Scientists have scanned the entire DNA of an unborn child from the mother's blood sample for the first time to safely check for genetic disorders. The new technique, developed by Dr Dennis Lo from the Chinese University of Hong Kong, was tested in a couple being screened for an inherited blood disease called beta-thalassemia, a form of anaemia.
The complex procedure involved sequencing almost four billion DNA molecules from the pregnant mother's blood sample and separating the fetal DNA strands buried deep within it. They were then able to piece together a genome-wide genetic map of the fetus by using the genetic maps of both the parents, which highlighted places where the inherited DNA differed in the fetus.
Finally, the completed fetal genetic map was scanned for genetic disorders and researchers found that the baby had inherited the beta-thalassemia mutation from the father, and was therefore a carrier of the disease. 'Our study suggests the feasibility of using genome-wide scanning to diagnose fetal genetic disorders pre-natally in a non-invasive way', the researchers said.

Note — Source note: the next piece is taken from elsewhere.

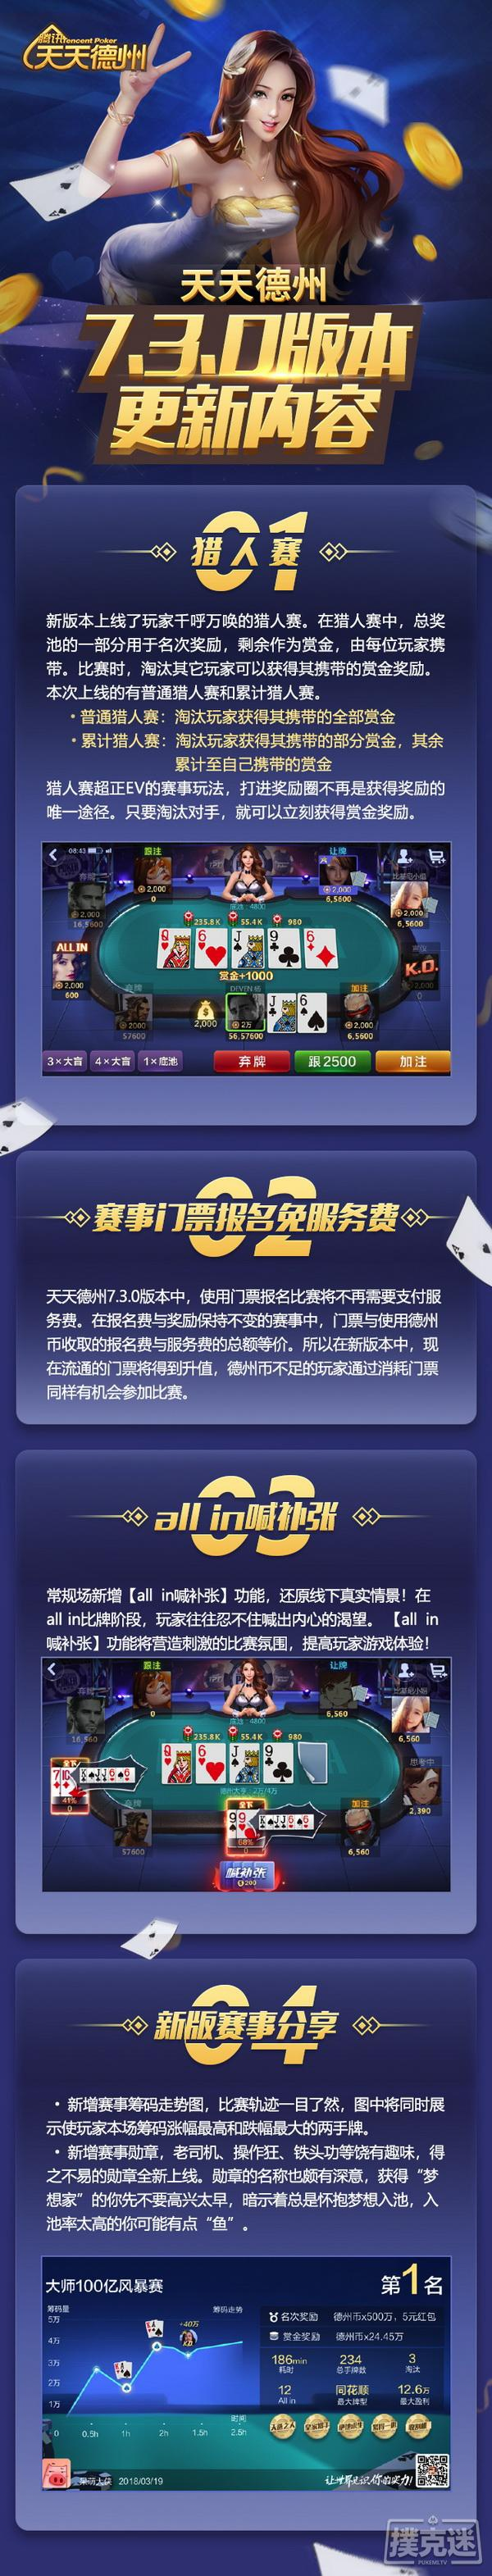 蜗牛扑克:新功能缤纷上线,all in喊补张助您胜利连场

At the moment, prenatal testing of genetic diseases relies on invasive methods, which require taking a tissue sample from the placenta (CVS) or removing amniotic fluid from the womb (amniocentesis) with an injection. These techniques involve a one percent risk of triggering a miscarriage or infection and are therefore only carried out in cases where the probability of disease is high.
In 1997, it was discovered that some of the fetus' DNA circulates in the mother's blood stream. The researchers of this new study observed that 'uncovering the fetal genome amongst floating DNA is technologically akin to finding a needle in a haystack', because the DNA of the baby makes up only ten percent of the total genetic mixture of the blood.
This study raises the possibility that non-invasive fetal genetic testing may eventually be possible. However, more development and testing of this novel technique will be needed before it could replace existing clinical methods. The new approach also raises a number of ethical, legal and social issues that require active discussion among clinicians, scientists, ethicists and the community.
Dr Christine Patch, Consultant Genetic Counsellor at Guy's Hospital in London, said: 'While this is a potentially interesting approach that may have benefit for some families with serious genetic disorders who are making difficult choices when having children, there are many concerns'.
'Before such a test could be offered in the clinic, a much larger study is required to determine the robustness of the technique, and numerous logistical, economic and ethical issues need to be addressed including how to deal with unexpected or incidental findings', added Dr Caroline Wright, Head of Science at the Public Health Genomics Foundation.
'Tests like this may produce clinically useful information, but they may also be a cause of unnecessary worry and anxiety; or they may offer false reassurance in a pregnancy that has serious non-genetic abnormalities that will not be picked up by the test', explained Dr Patch. 'We do not randomly test pregnancies for a long list of other conditions that may only manifest in adult life on the basis that individuals may not want to know that information when they are older'.
The study was funded by the Hong Kong Research Grants Council, Sequenom Incorporated from the US, the Chinese University of Hong Kong, and the Government of the Hong Kong Special Administrative Region, China. The research was published in the journal Science Translational Medicine.